Information supplied:

----

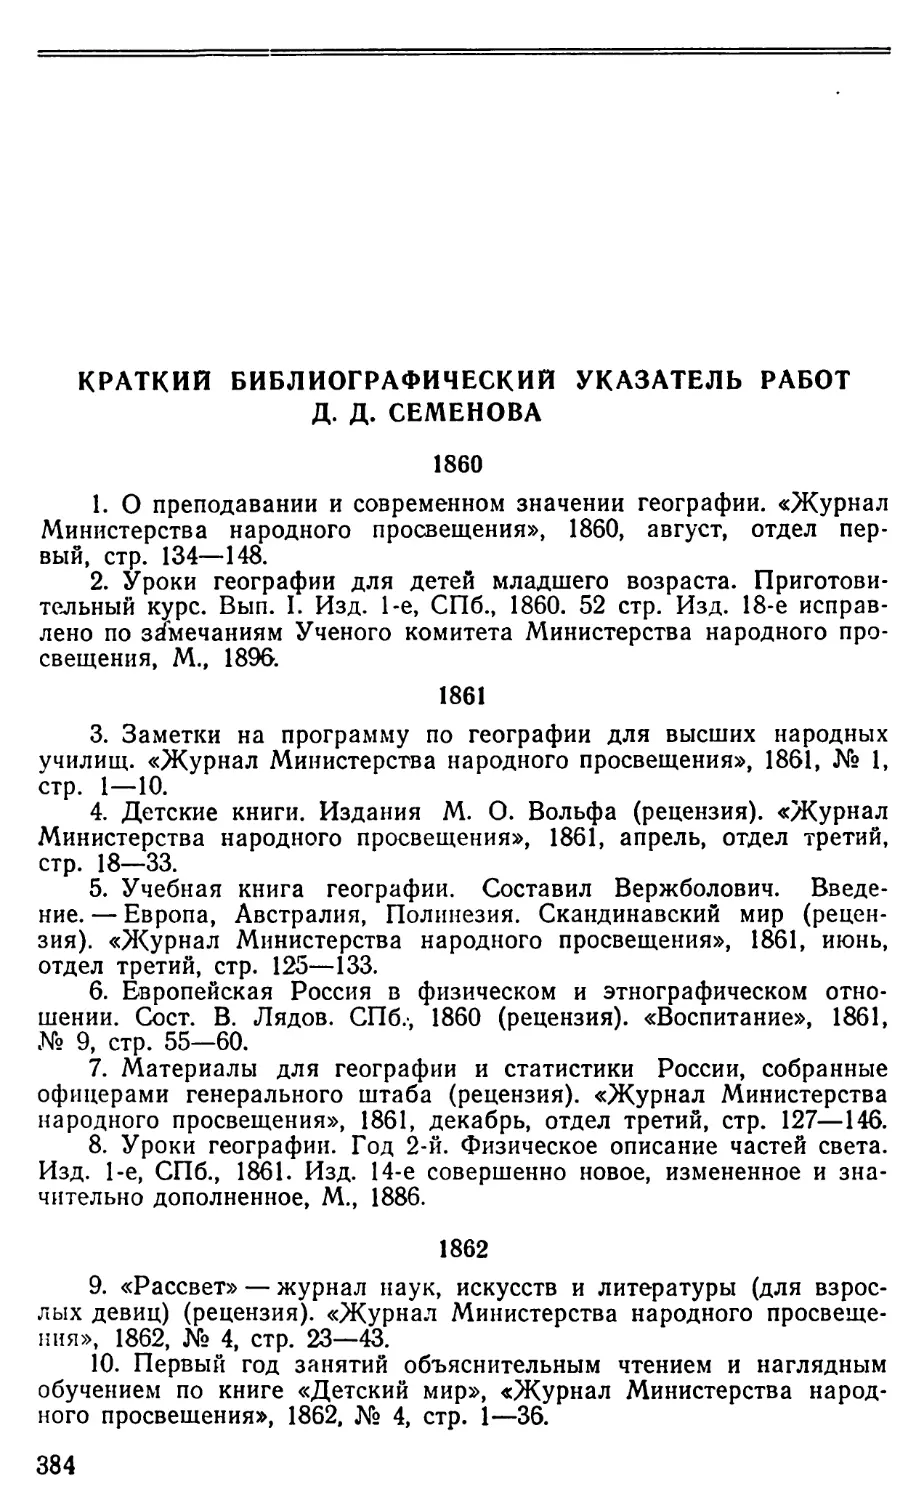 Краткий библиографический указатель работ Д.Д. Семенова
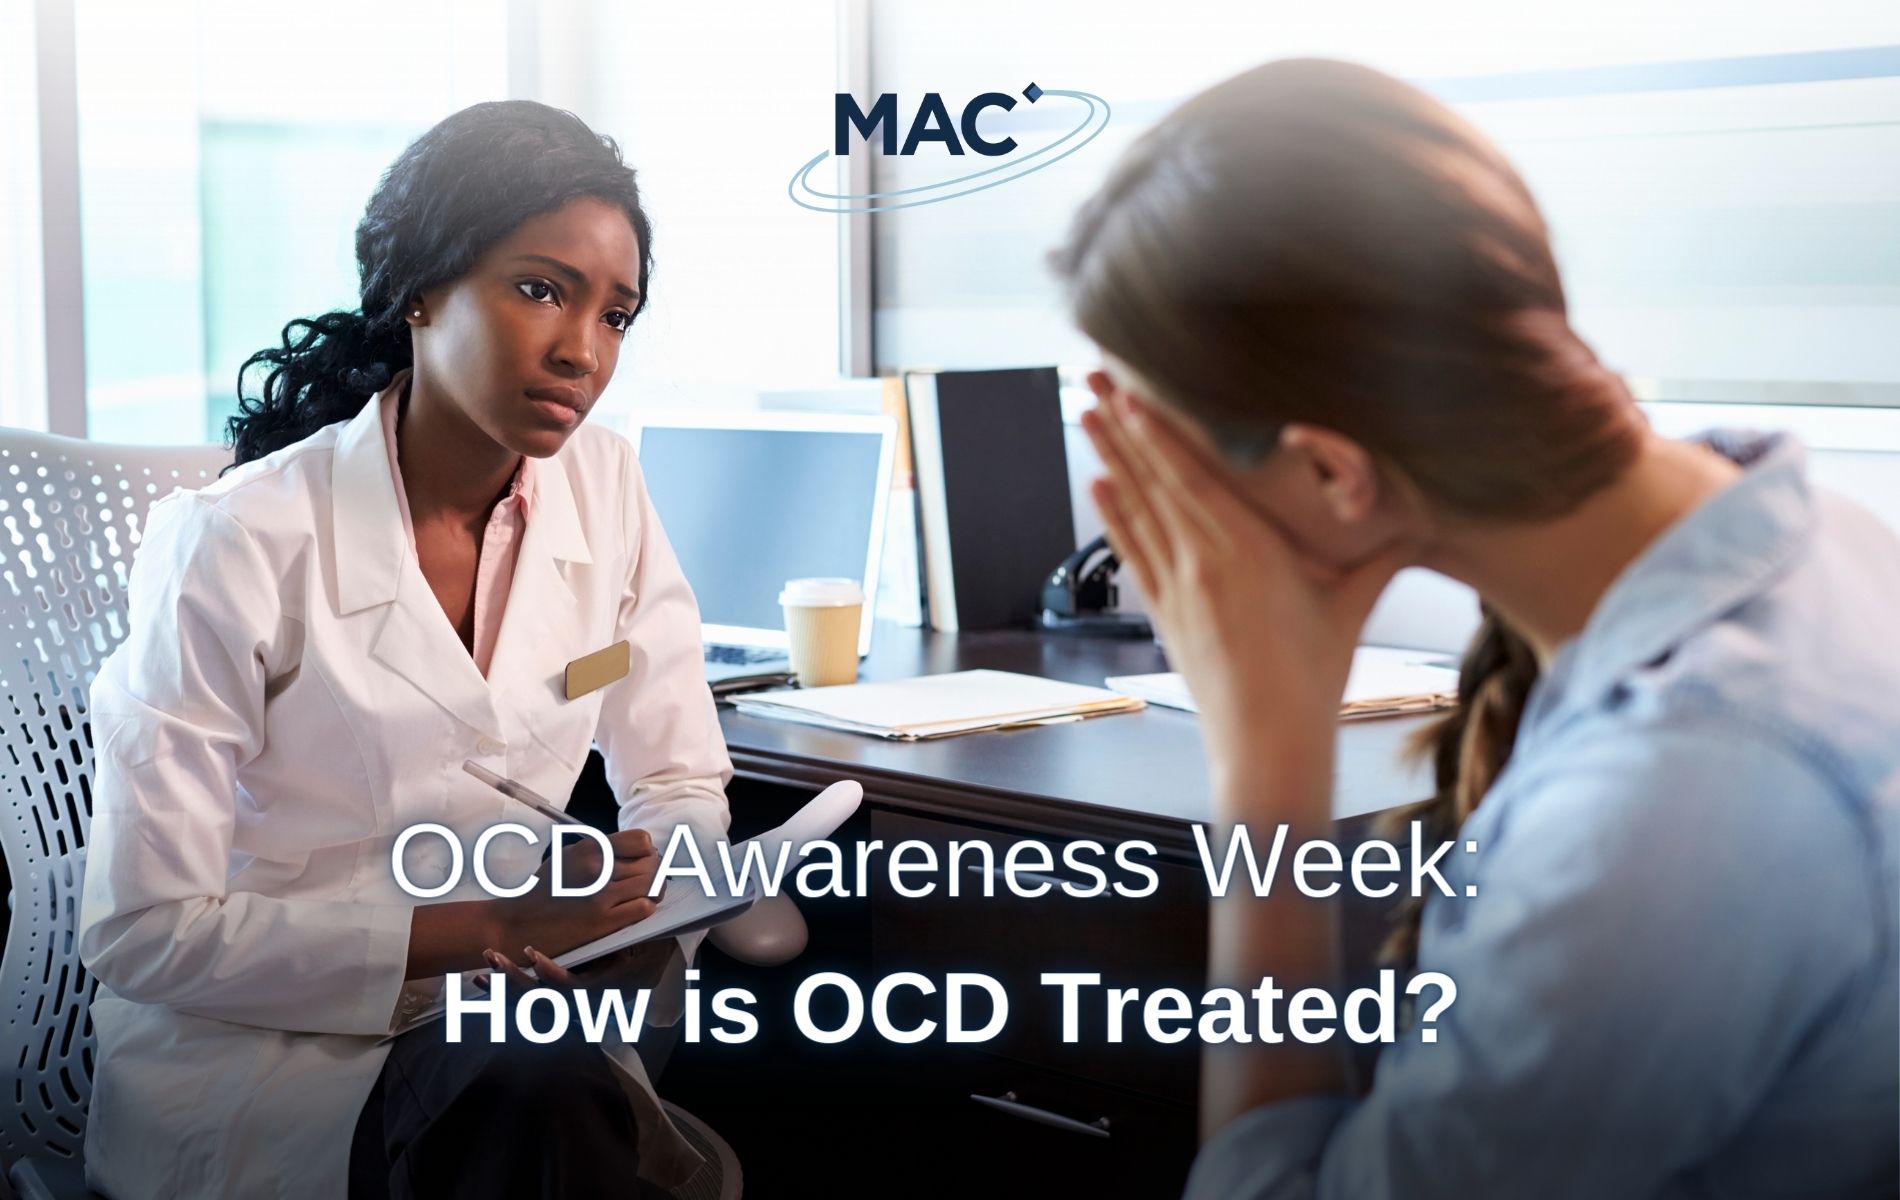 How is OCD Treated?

----

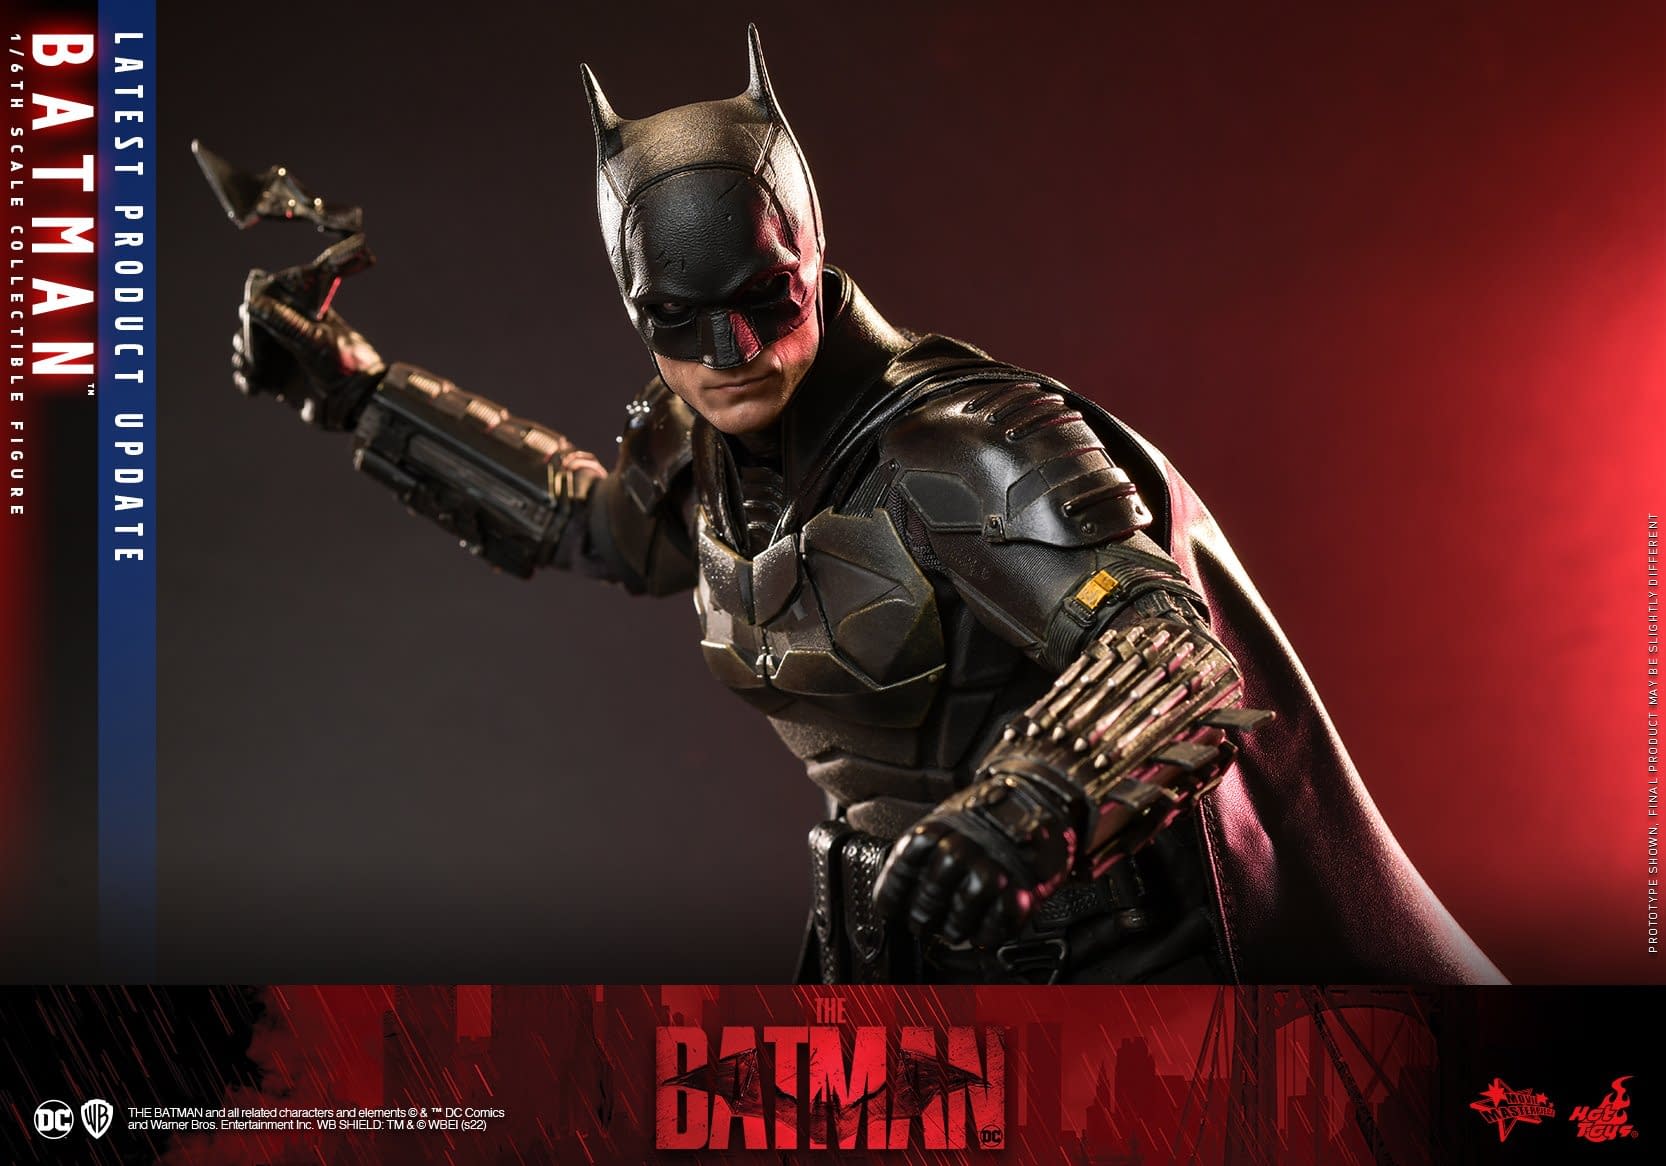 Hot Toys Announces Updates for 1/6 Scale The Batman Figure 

----

Work instruction: Using the data above, output the line that has "Краткий библиографический указатель", the line that has "How is OCD Treated?", and whatever lines fall between, each exactly as it stands and without pictures.

The answer:
 Краткий библиографический указатель работ Д.Д. Семенова
 How is OCD Treated?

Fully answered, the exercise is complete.